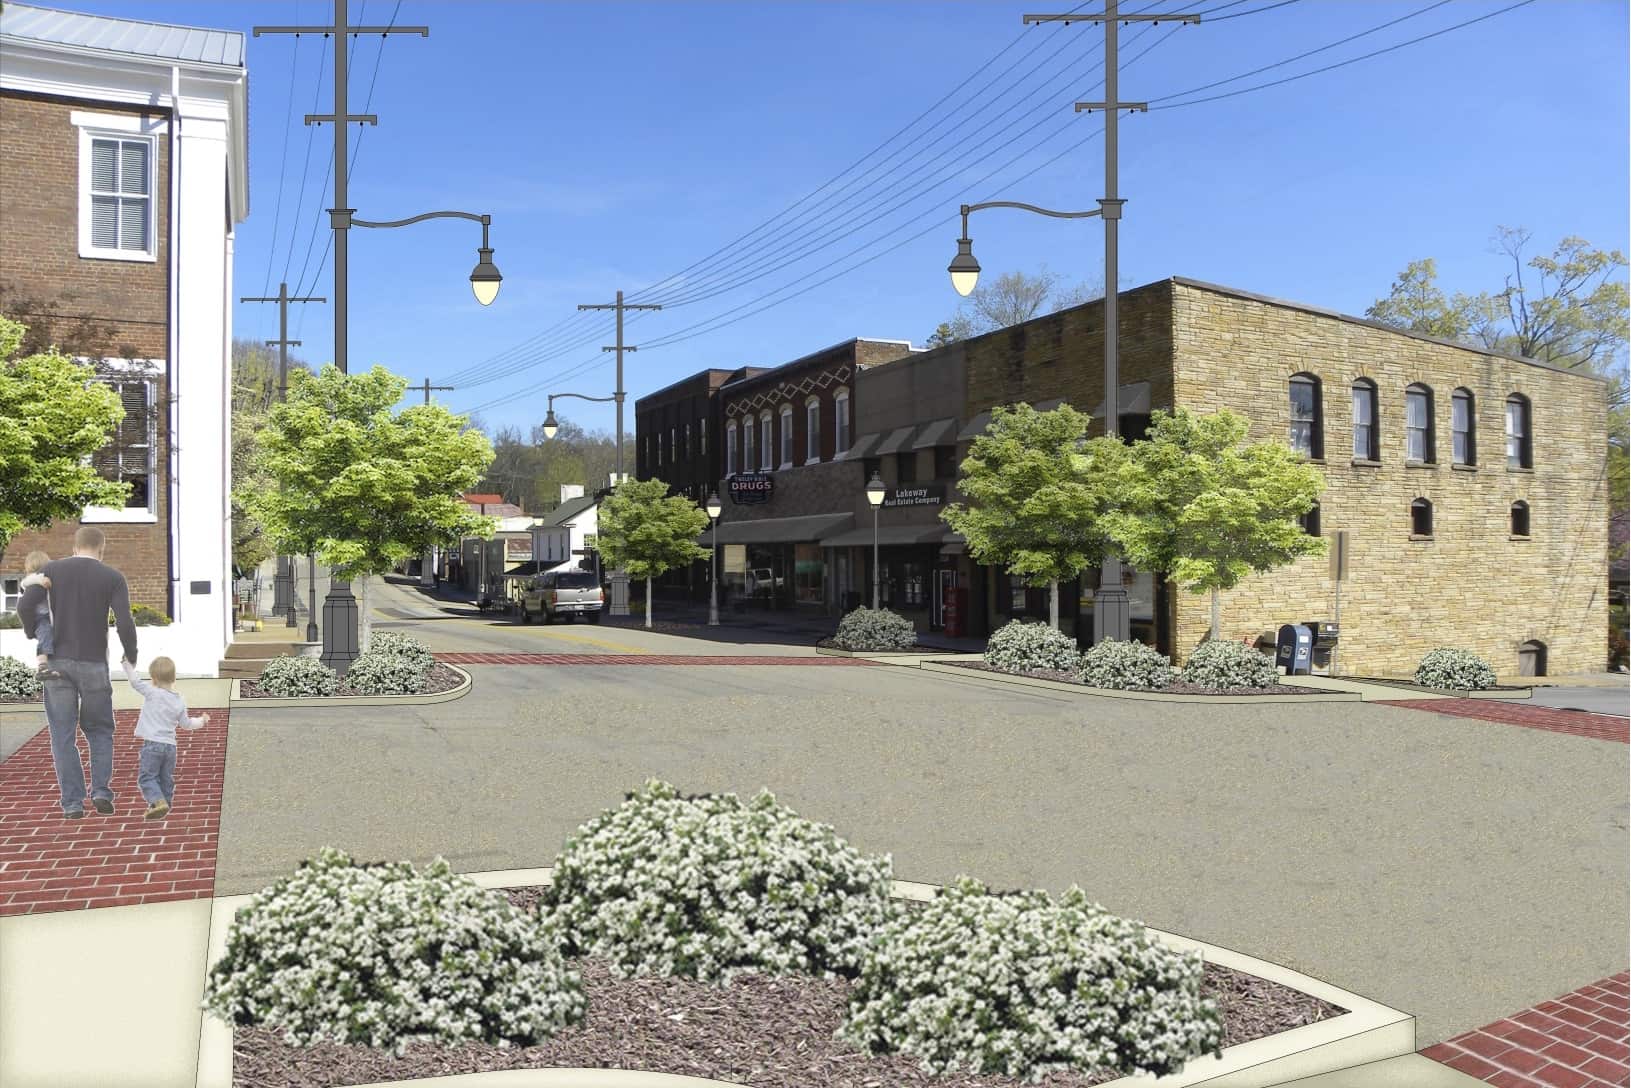 Featured image for “Dandridge Streetscape Plan”
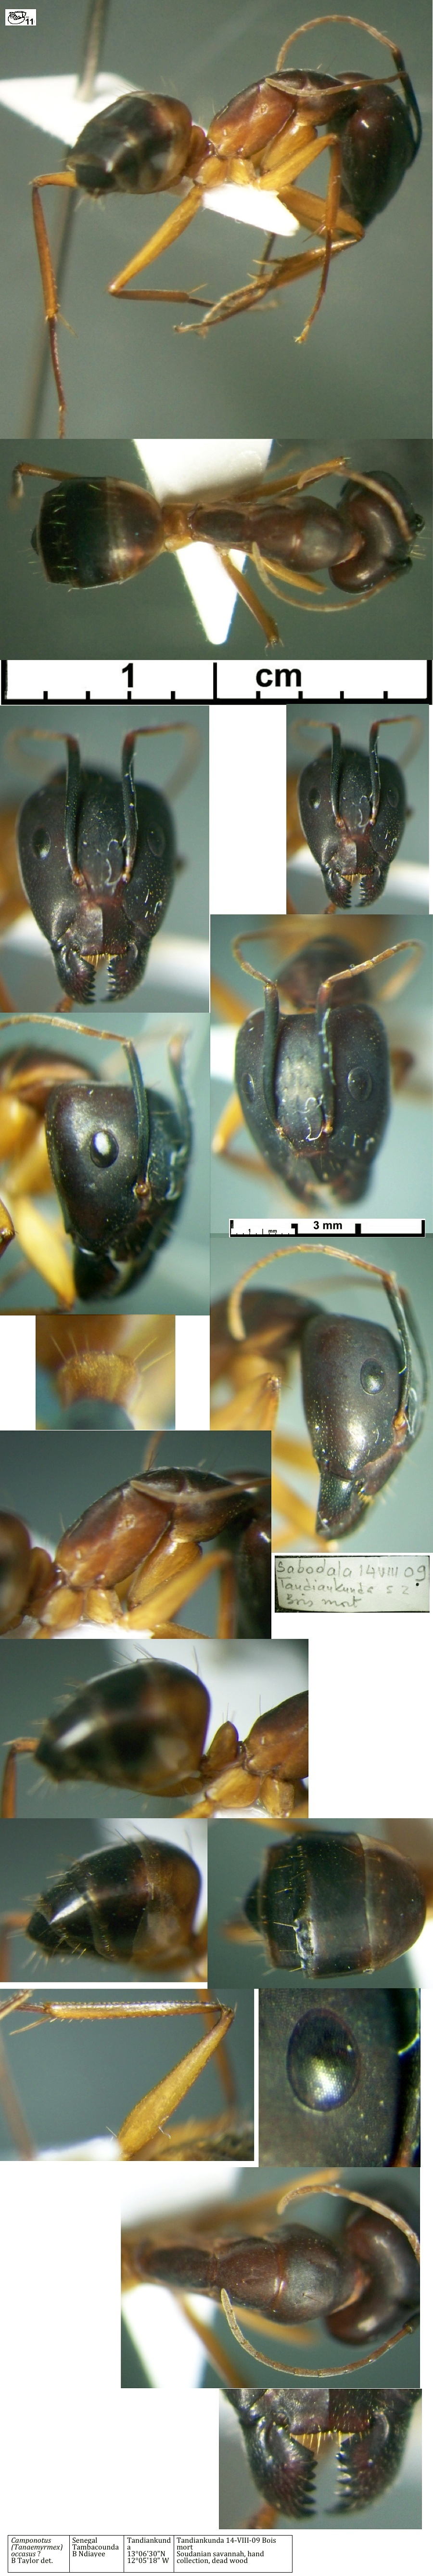 Camponotus (Tanemyrmex) occasus major
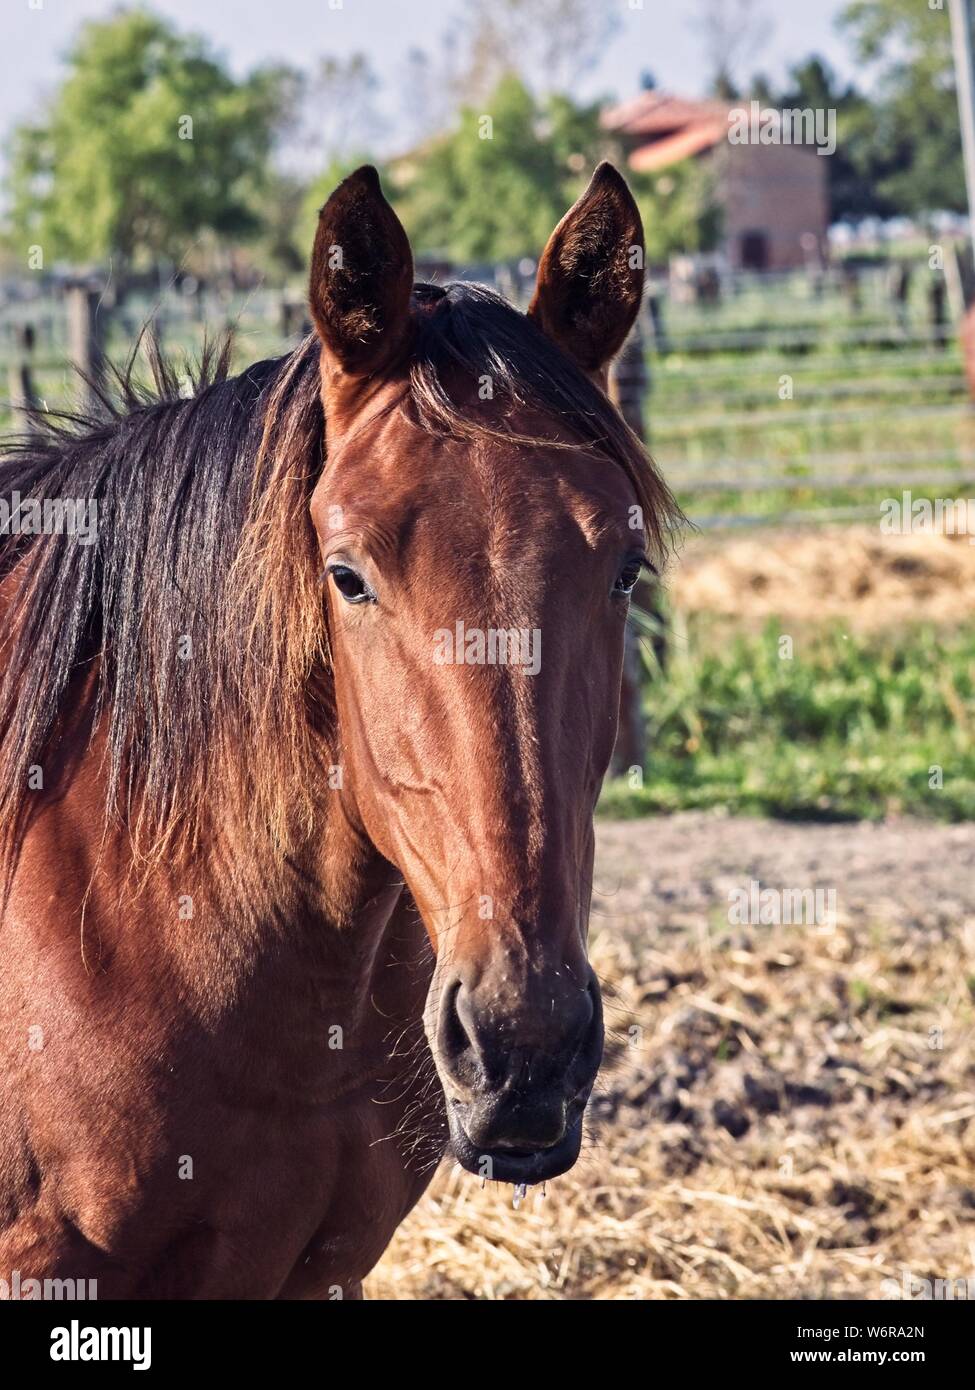 Closeup portrait of a beautiful bay horse Stock Photo
☆ ☆ ☆ ☆
▸ WHAT TO DO: Copy out nothing but text: transcribe the listing exactly and skip each picture.

▸ SOLUTION FOR THIS EXERCISE:
 Featured image for “Dandridge Streetscape Plan”
 Camponotus (Tanemyrmex) occasus major
 Closeup portrait of a beautiful bay horse Stock Photo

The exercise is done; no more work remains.